Peatland clearing moratorium
In December 2016, Indonesia’s President Joko Widodo introduced a blanket ban prohibiting the draining and clearing peatland. The ban also applied to concessions already licensed to plantation companies.
The initiative was widely hailed as a step forward and a practical strategy for dealing with the disastrous fires plaguing Jambi and neighbouring provinces and the massive forest loss.
The fallacy of development
This so-called development imposes high costs.

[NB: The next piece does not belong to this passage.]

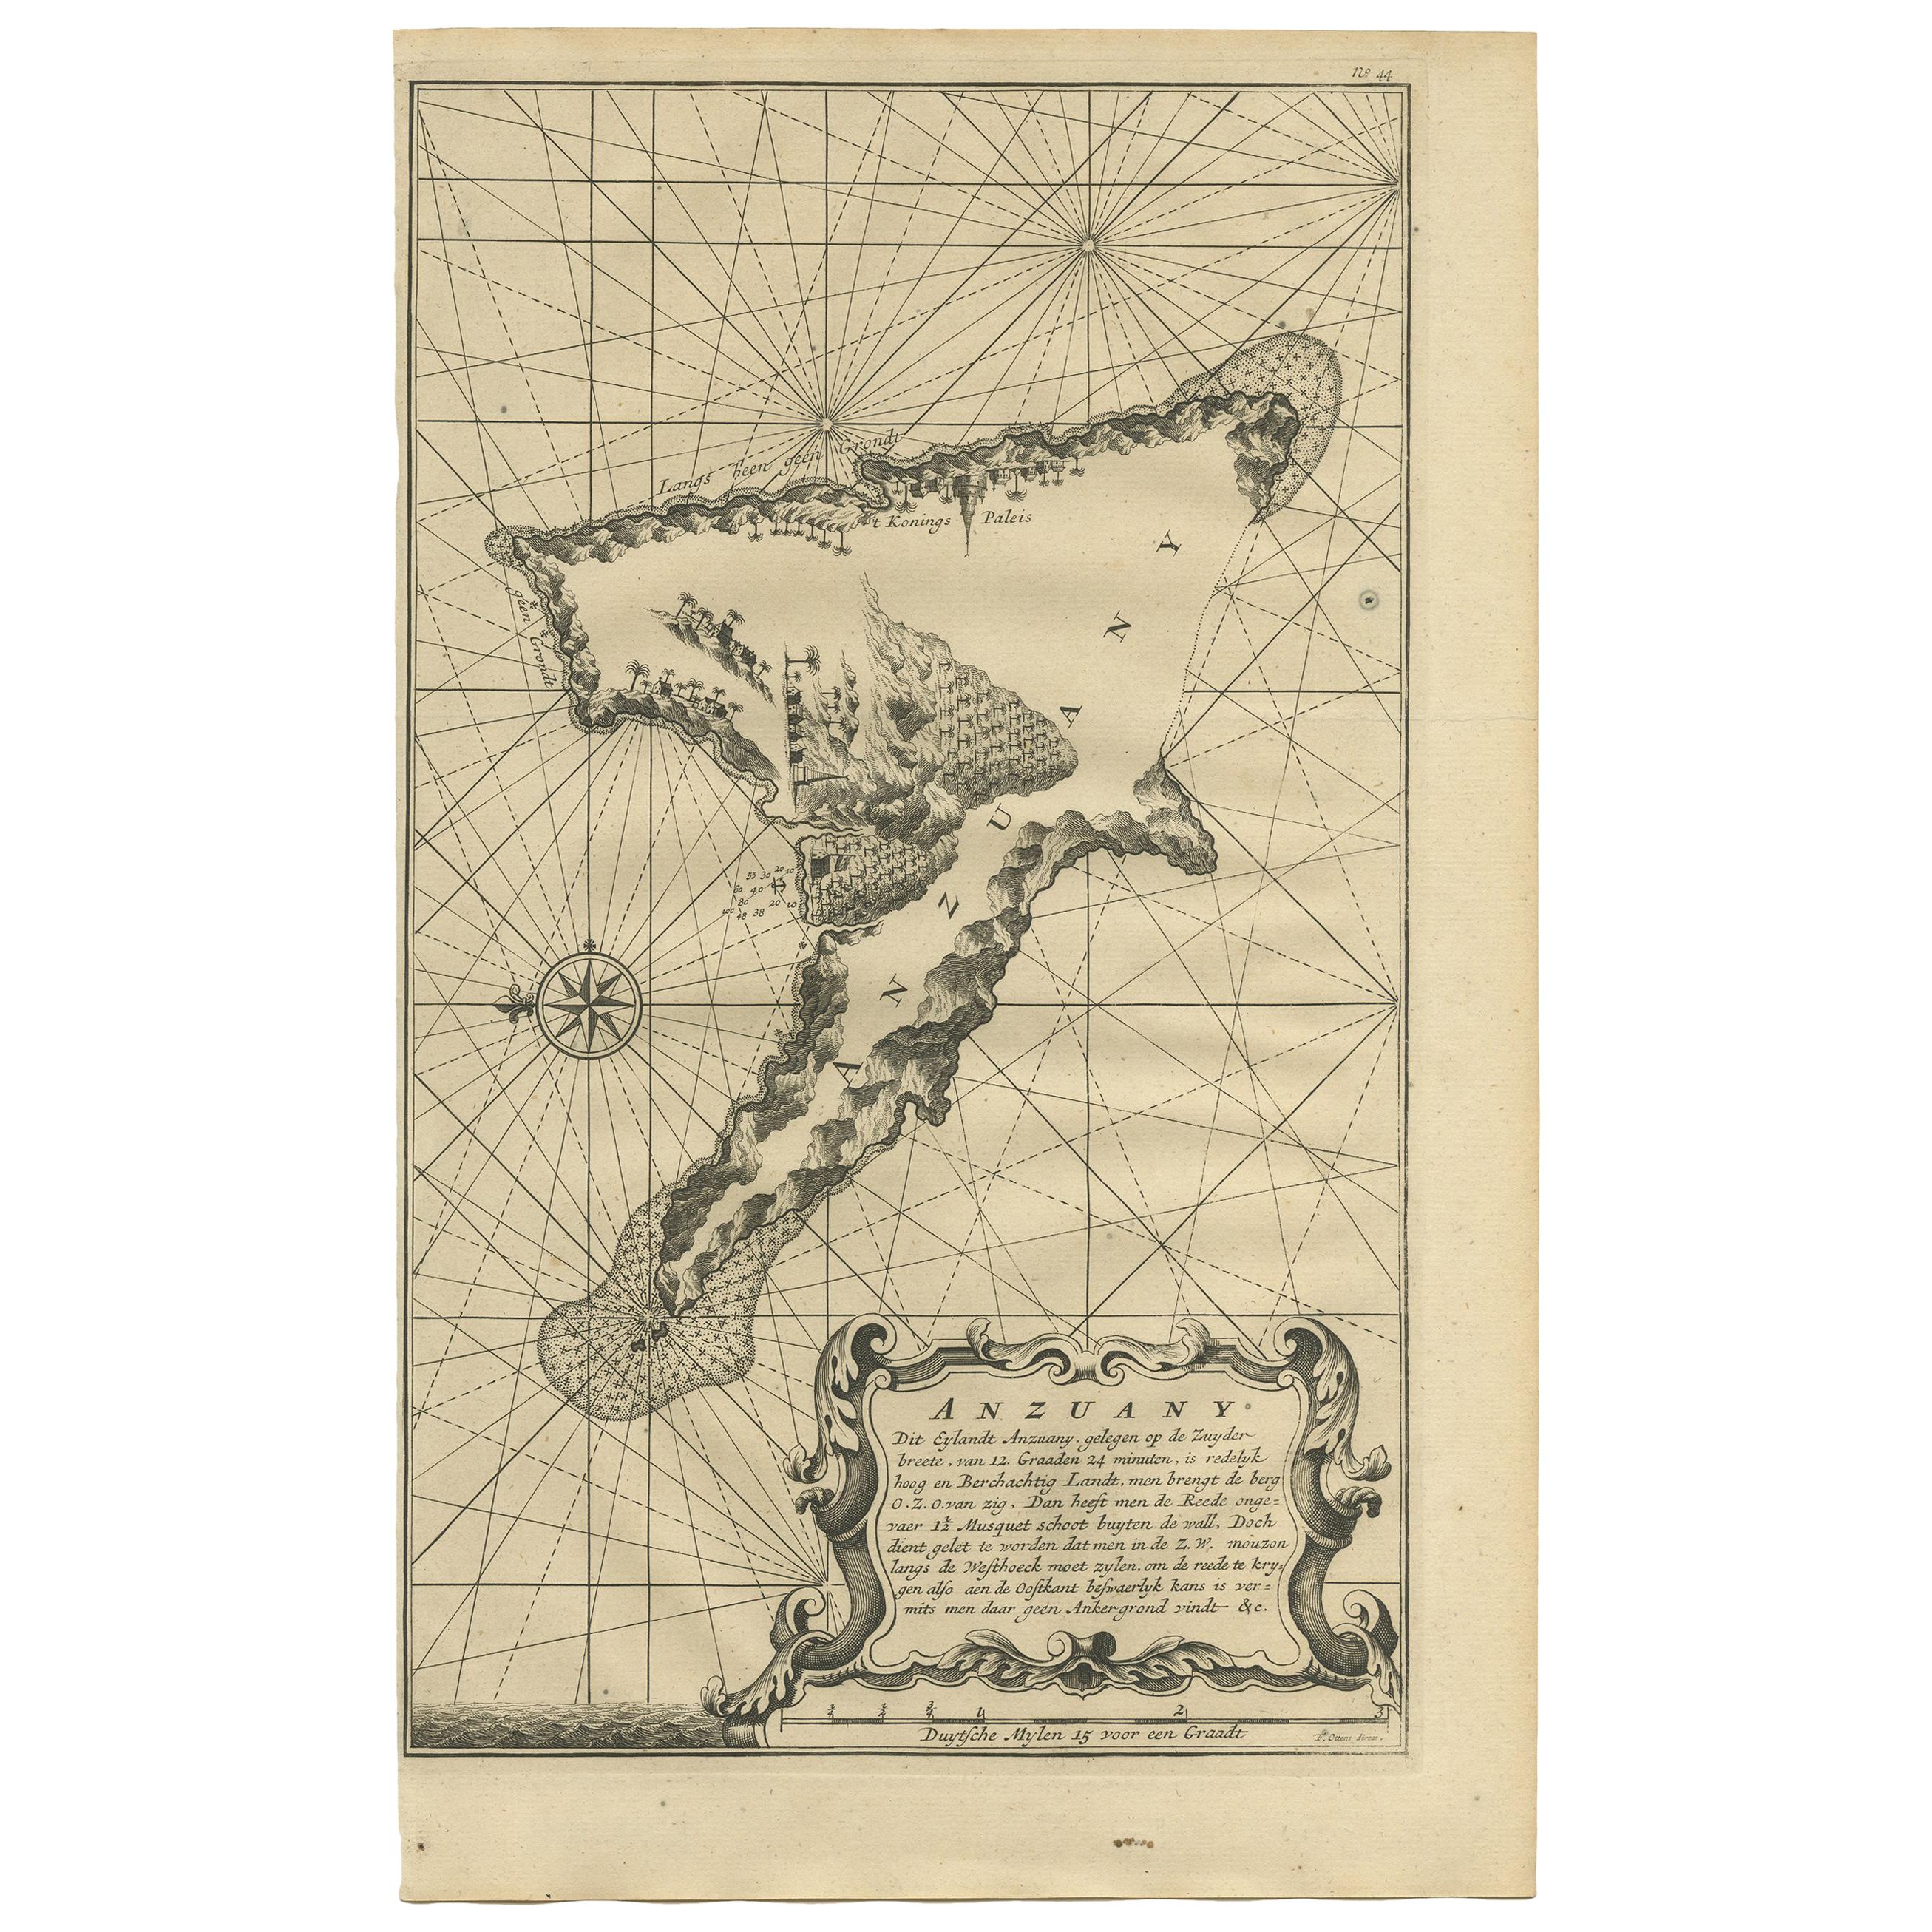 Antique Map of Anjouan Island by Valentijn, 1726

Present practices lead to:
- destruction of forest ecosystems;
- deaths of endangered animals;
- dispossession of Indigenous peoples like the Orang Rimba;
- the release vast amounts of carbon from carbon-rich peatland soils;
- pollution of drainage systems with pesticides; and,
- peatland shrinkage on cleared land facilitating potential ingress of seawater in coastal and estuarine settings.
In 2015 such was the scale of the problem that the fires caused massive air pollution, transboundary smoke haze, disruptions to air traffic, numerous respiratory and pulmonary health issues and made a major contribution to global warming.
Any attempt to calculate the externalities involved with this so-called development is difficult, but the scale of the ecological, human and planetary costs is significant.
While a country like Indonesia benefits from the export of palm oil, voices within are also expressing concern about the way the externalities might be approached.
There is a surprising lack of freely available research findings on the questions of externalities in the palm oil industry. ‘Palm oil the hidden costs‘ by Rachel Goehring University of Nebraska – Lincoln, (rachelksutton@gmail.com) makes an effort to explore some of the externalities. Clearly, more work is required.
Tragically, around 90% of the fires in Jambi are still deliberately lite and the burning of forest land is often done at night to avoid surveillance. Once started they spread quickly.
A footnote from Prayoto Tonoto
The function of peat land as the global climate regulator has been threatened by human activities through deforestation and plantation, including the peatlands in Jambi. Berbak National Park is covered by 110,000 hectares of peatlands. Most of the land changes is detected in August-October represent the temporal complexity affected by fires. Under the regulation, the farmer is allowed to use fire for land preparation under 2 hectares. However, fire utilization is prohibited for land preparation in concessionaries. The Result showed fire tend to occur in peatland every year. Land covers before fire occurrence mostly were bush and disturbed secondary forest. On average, 21% was converted into forest plantation and 27% was converted into palm oil plantation, the rest areas were community land.